SQL::Statement unusable in major Linux distributions

H.Merijn Brand h.m.brand at xs4all.nl
Mon Oct 26 11:51:04 UTC 2009


On Mon, 26 Oct 2009 11:09:09 +0000, Paul Beardsell <paul at Beardsell.com>
wrote:

> 2009/10/26 H.Merijn Brand <h.m.brand at xs4all.nl> writes, in part,
> 
> > CSV as a database is not the way to create applications
> > that need speed or need low memory footprints or need
> > full ANSI-SQL support. If you need either of those, do
> > convert CSV to SQLite or postgresql (or another database
> > of your preference that does support all of your needs).
> >
> > In the DBI/DBD world,
> > * CSV does not support types (beyond NULL, integer and char)
> > * CSV does not support links (referential integrity)
> > * CSV does not support speed
> > * CSV does not support data dictionary persistence
> >
> 
> I do not think that DBD::CSV should be written off so lightly as that.  A
> database is a merely a collection of structured data.  CSV provides
> structure.  A database management system is the set of tools around that.  I
> use grep, awk, sed, cut and join.  And SQL::Statement.  And vim.  DBD::CSV
> is not just merely a database import tool as you use it.

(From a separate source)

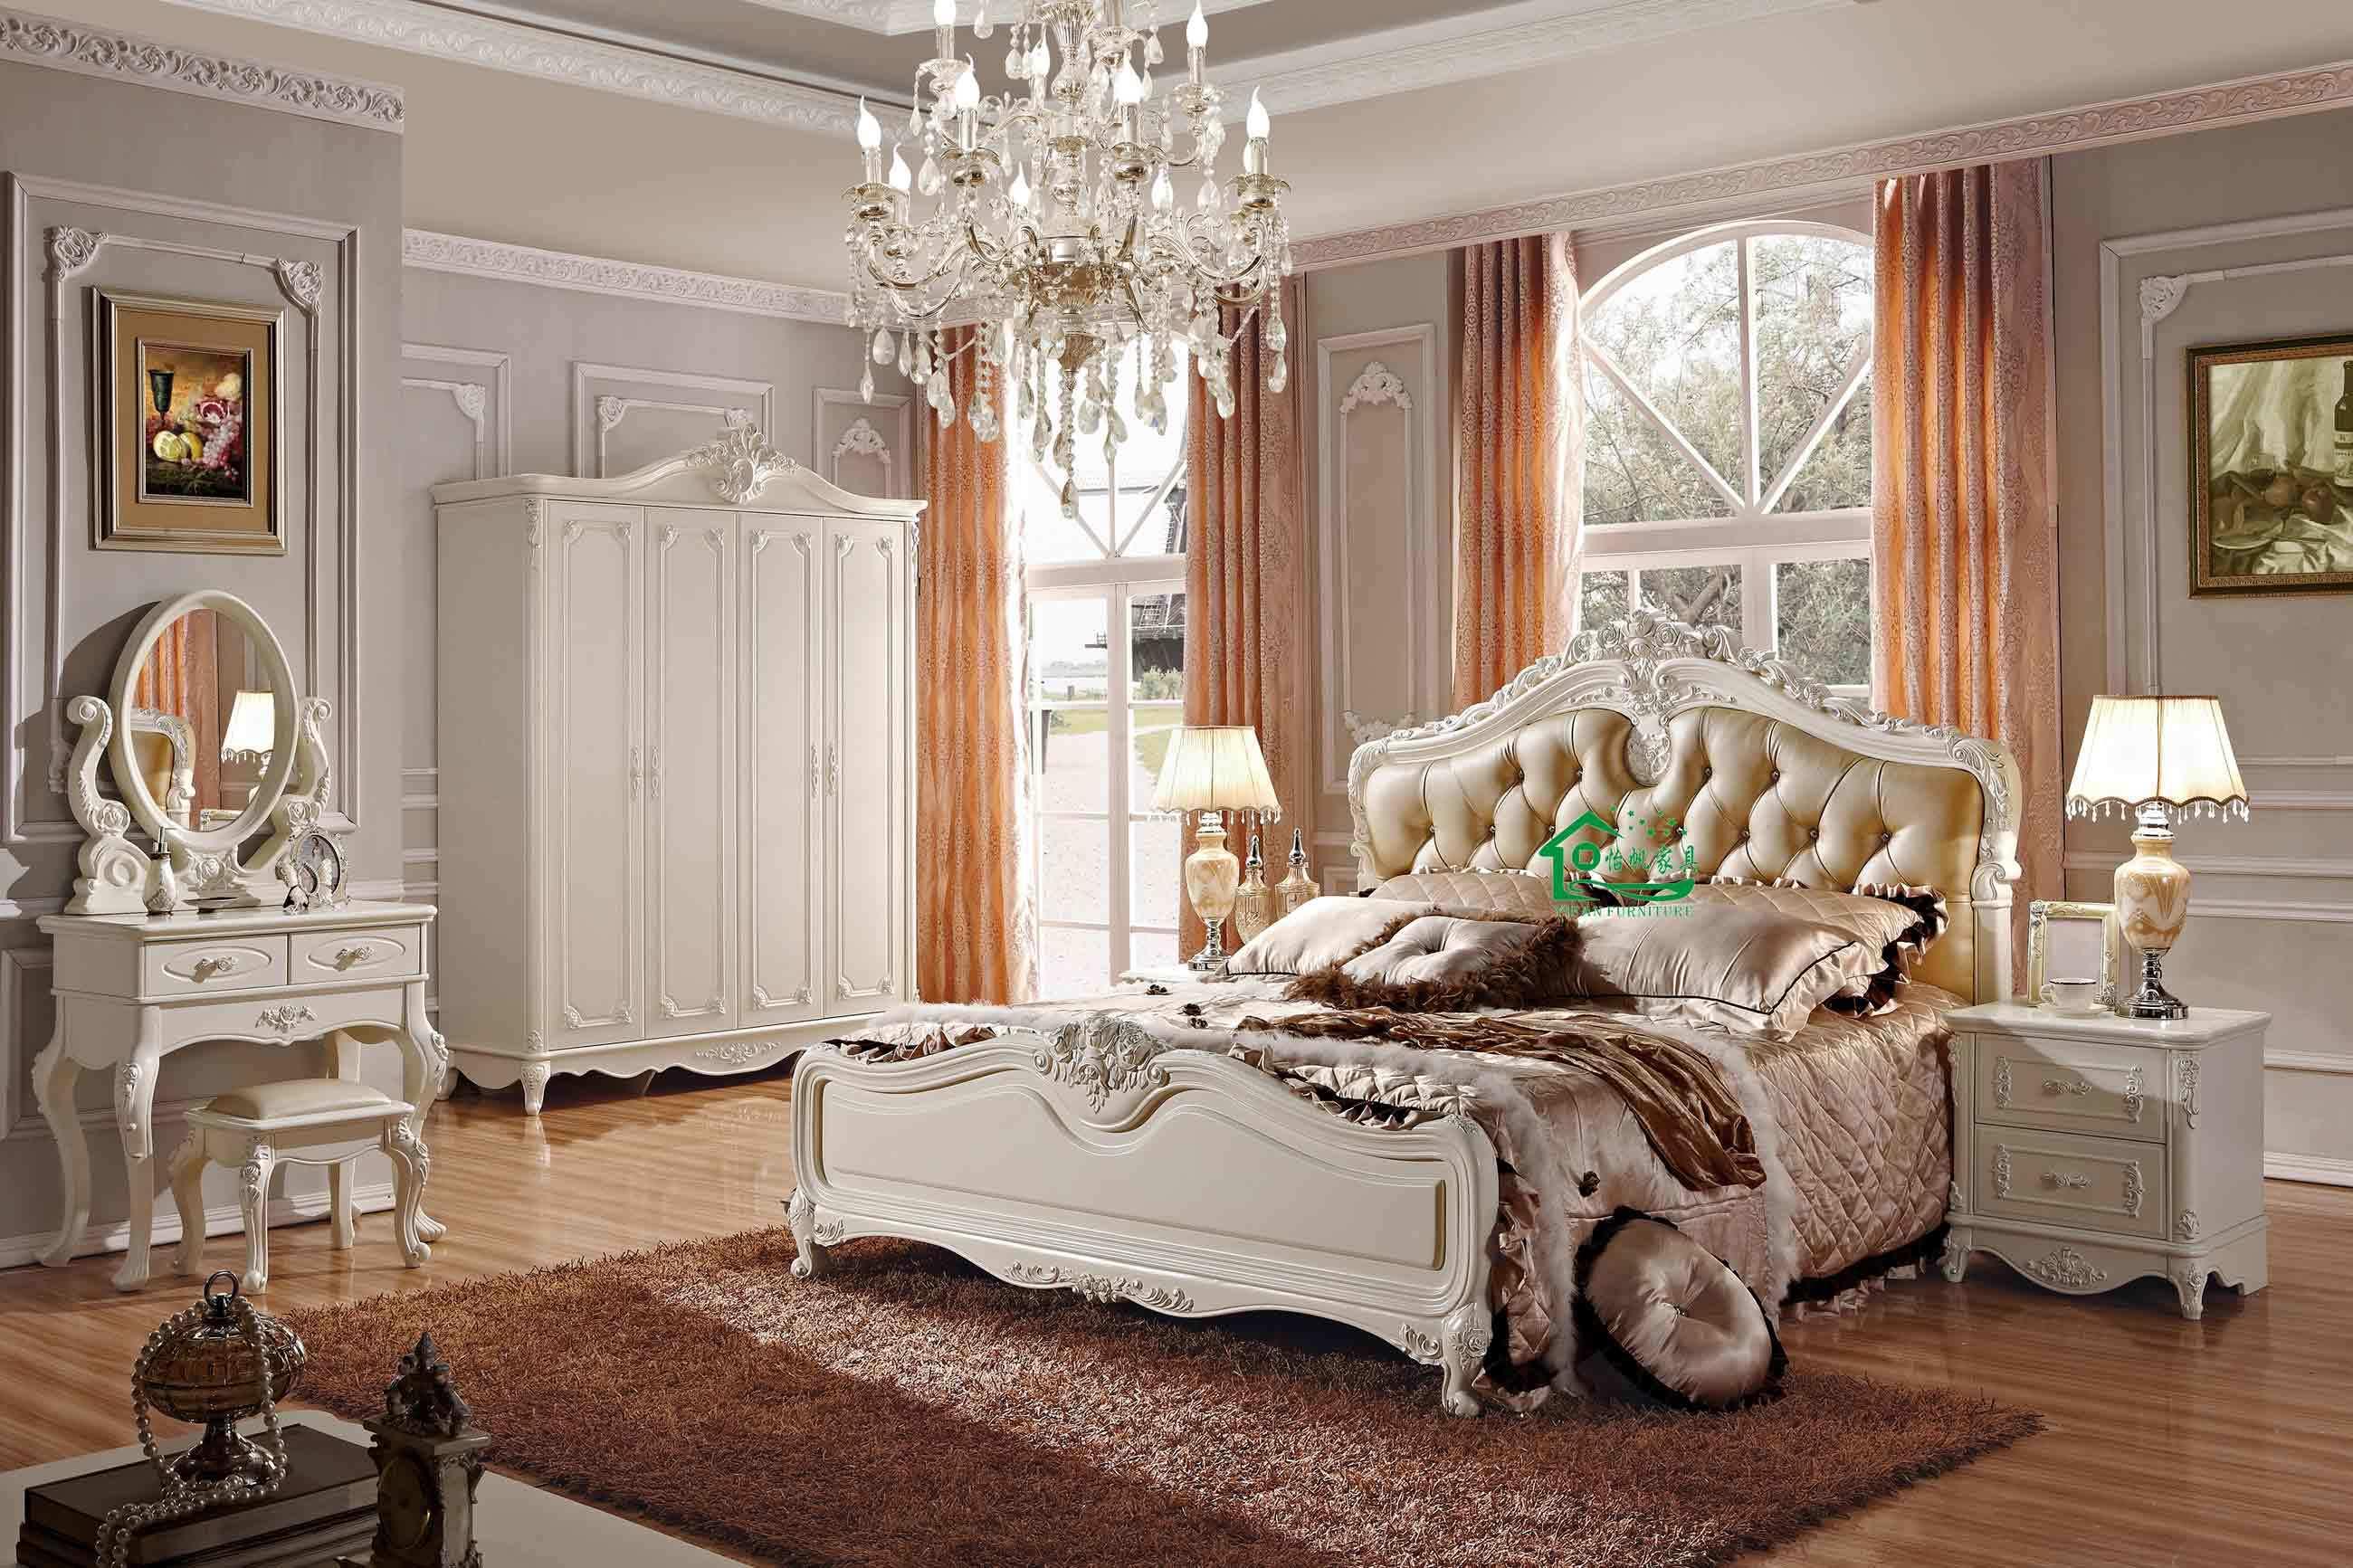 Emejing Chambre A Coucher Modele Turque Ideas - Matkin.info ...

All of the mentioned tools have restrictions. Accept that
SQL::Statement (and DBD::CSV) also have restrictions

> I like RI (of course) and I am prepared to manage it in the application.
> Dictionary persistence?  See the first line of my CSV tables!

CSV has NO way to keep the (maximum) string length of (var)char fields
CSV has no concept of telling the maximum length of numerical fields
CSV has no way to tell a difference between integer and float fields

all of that unless you tell DBD::CSV time and time again on each new
session. For me data dictionary persistence is a major reason not to
use DBD::CSV for anything more serious than data(base) migrations and
analizing tools. And - being the keeper of Text::CSV_XS - I am REALLY
fond of the CSV data format. I will stick to my opinion that CSV has no
structure beyond rows and columns. RI is not enforced by the data, it
might be enforced by your code, but that is not inherent to the
underlying structure. Quite a bit different that what RI in PostgreSQL
or Oracle has to offer.

> Up to several 1000 rows, performance can be very high in SQL::Statement +
> DBD::CSV (well, in its earlier incarnations!)

I use DBD::CSV with up to 100_000's of rows, that makes quite a
difference.

And I don't use it just to export to another database, I also use it to
fire queries on that, which is a lot easier than grep and awk. Here
DBD::CSV serves my purpose very well. And what *I* need is exactly what
SQL::Statement is now working towards. Not functions or triggers, but
reliable aggregate functions like count (*), max (*), having and group
by. Those, esp in combination with NULL values were very unreliable,
and support for that have vastly improved.

> I don't care for types much and the argument rages on in strongly vs weakly
> typed languages.  We like Perl, don't we?

/me fiercly nods

> Referential integrity is a property of the data, not of the DBMS.

Yes, but *enforced* by the database. CSV has nothing of that kind (and
will probably never will).

> RI can be enforced by the DBMS but that is a different thing entirely!

No, it is something to rely on when writing applications.

> CSV does support links.  See man 1 join.  And SQL::Statement+DBD::CSV does
> joins too.

Those are software solutions from a programmer pov. CSV does NOT
support links from the data structure point of view.

> By extention of your argument much of the recent changes to SQL::Statement
> is merely aping other DBMSs and there is no real benefit.

I extremely disagree. Major internal rewriting has been done to enable
new features of fix real bugs. Don't underestimate time and effort (and
thought) put in these modules. We never intend to break anything.

> Triggers/stored procedures/user defined functions?  Really, just use
> Postgress/MySQL/Oracle.  Here I agree.
> 
> Paul Beardsell


-- 
H.Merijn Brand  http://tux.nl      Perl Monger  http://amsterdam.pm.org/
using & porting perl 5.6.2, 5.8.x, 5.10.x, 5.11.x on HP-UX 10.20, 11.00,
11.11, 11.23, and 11.31, OpenSuSE 10.3, 11.0, and 11.1, AIX 5.2 and 5.3.